You can copy these commands using the button that looks like two overlapping squares to the right-hand side of the commands. Paste them into your terminal and run them.

- If you refresh your browser window, you should now see the two files
eva_data_analysis.py
andeva-data.json
visible in the GitHub repository, matching what you have locally on your machine.
If you were wondering about what those commands did, here is the explanation.
This command tells Git to create a remote
called
“origin” and link it to the URL of your GitHub repository. A
remote
is a version control concept where two (or more)
repositories are connected to each other, in such a way that they can be
kept in sync by exchanging commits. “origin” is a name used to refer to
the remote repository. It could be called anything, but “origin” is a
common convention for Git since it shows which is considered the “source
of truth”. This is particularly useful when many people are
collaborating on the same repository.
git branch
is a command used to manage branches. We’ll
discuss branches later on in the course. We saw this command during
setup and earlier in this episode - it ensures the branch we are working
on is called “main”. This will be the default branch of the project for
everyone working on it.
The git push
command is used to update a remote
repository with changes from your local repository. This command tells
Git to update the “main” branch on the “origin” remote. The
-u
flag (short for --set-upstream
) sets the
‘tracking reference’ for the current branch, so that in future
git push
will default to sending to
origin main
.
Summary
We have created a new software project and used version control system Git to track changes to it. We can now look back at our work, compare different code versions, and even recover past states. We have also published our software to a remote repository located on GitHub, where it is both secure and shareable.
These skills are critical to reproducible and sustainable science. Software is science, and being able to share the specific version of code used in a paper is required for reproducibility. But we, as researchers, also benefit from having a clear, self-documented record of what we did, when and why.
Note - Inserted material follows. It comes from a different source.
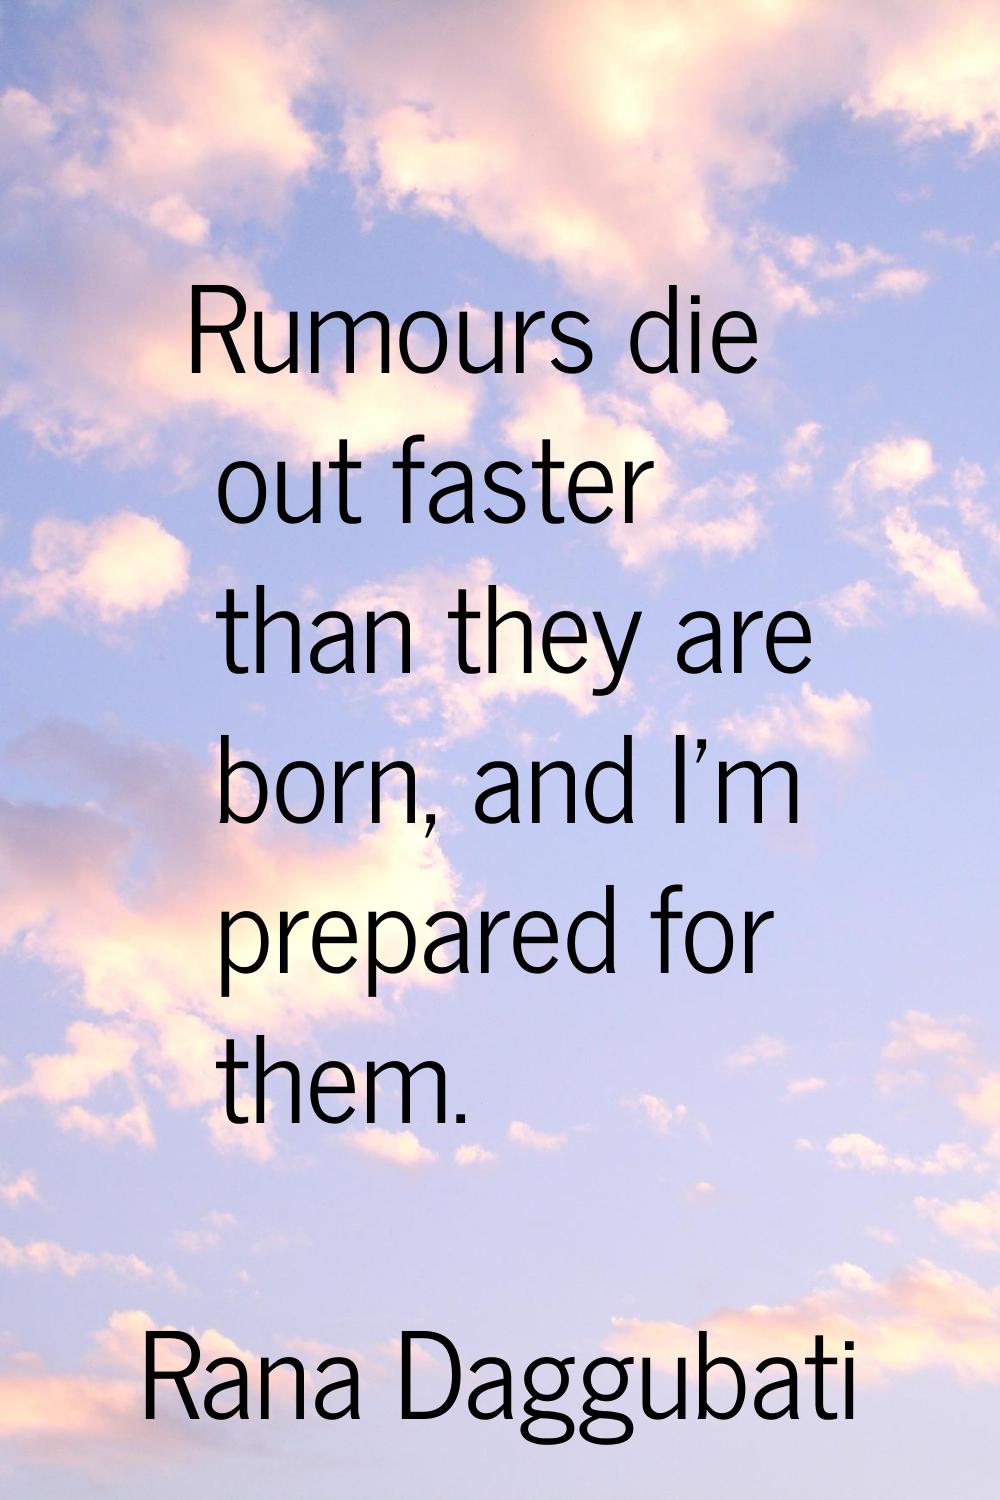 Rumours die out faster than they are born, and I'm prepared for them.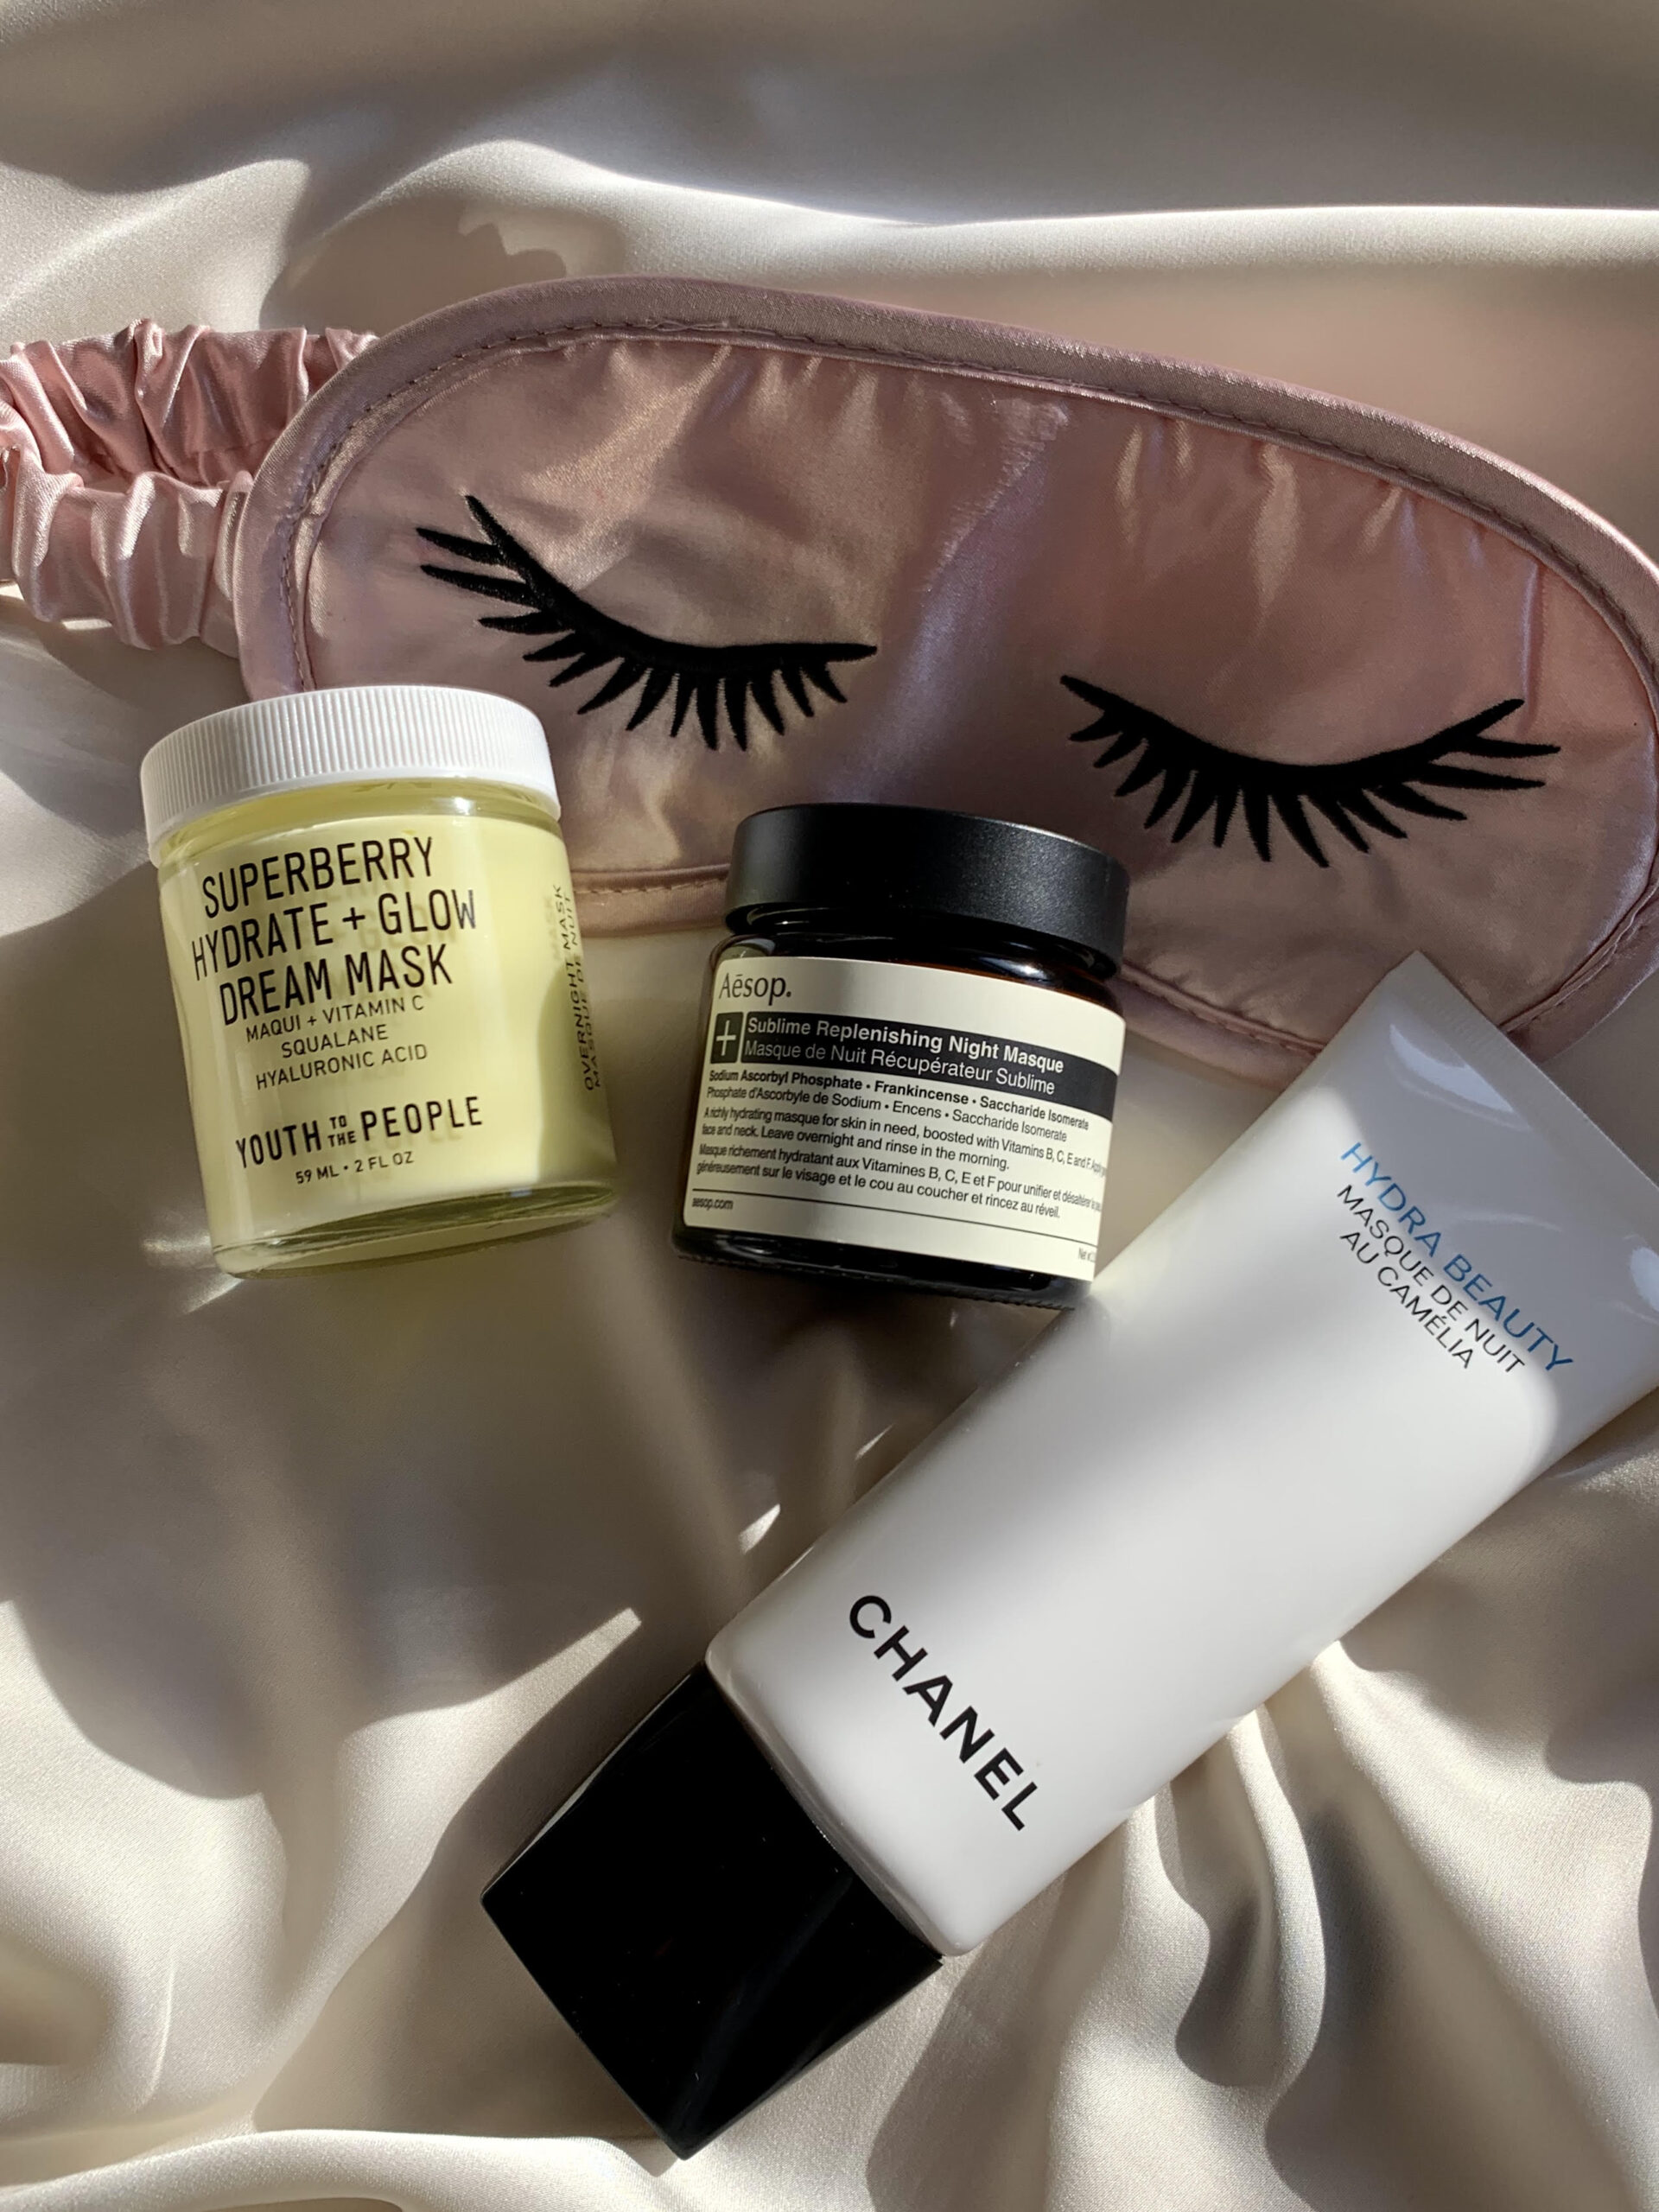 Natmasker, natcreme, Aesop, Chanel, Youth to the people

It makes it much easier to track down and fix our bugs, return to work on projects we took a break from, and even for other people to pick up our work.
Before we start making changes to the code, we have to set up a development environment with software dependencies for our project to ensure this metadata about our project is recorded and shared with anyone wishing to download, run or extend our software (and this includes ourselves on a different machine or operating system).
Further reading
We recommend the following resources for some additional reading on the topic of this episode:
- Software Carpentry’s Git Novice lesson
- The Turing Way’s “Guide to Version Control”
- “How Git Works” course on Pluralsight
- How to Write a Good Commit Message
- Git Commit Good Practice
Also check the full reference set for the course.
Key Points
- Version control systems are software that tracks and manages changes to a project over time
- Using version control aids reproducibility since the exact state of the software that produced an output can be recovered
- A commit represents the smallest unit of change to a project
- Commit messages describe what each commit contains and should be descriptive
- GitHub is a hosting service for sharing and collaborating on software
- Using version control is one of the first steps to creating a software project from a bunch of scripts - by investing in these practices early, researchers can create software that supports their work more effectively and enables others to build upon it with confidence.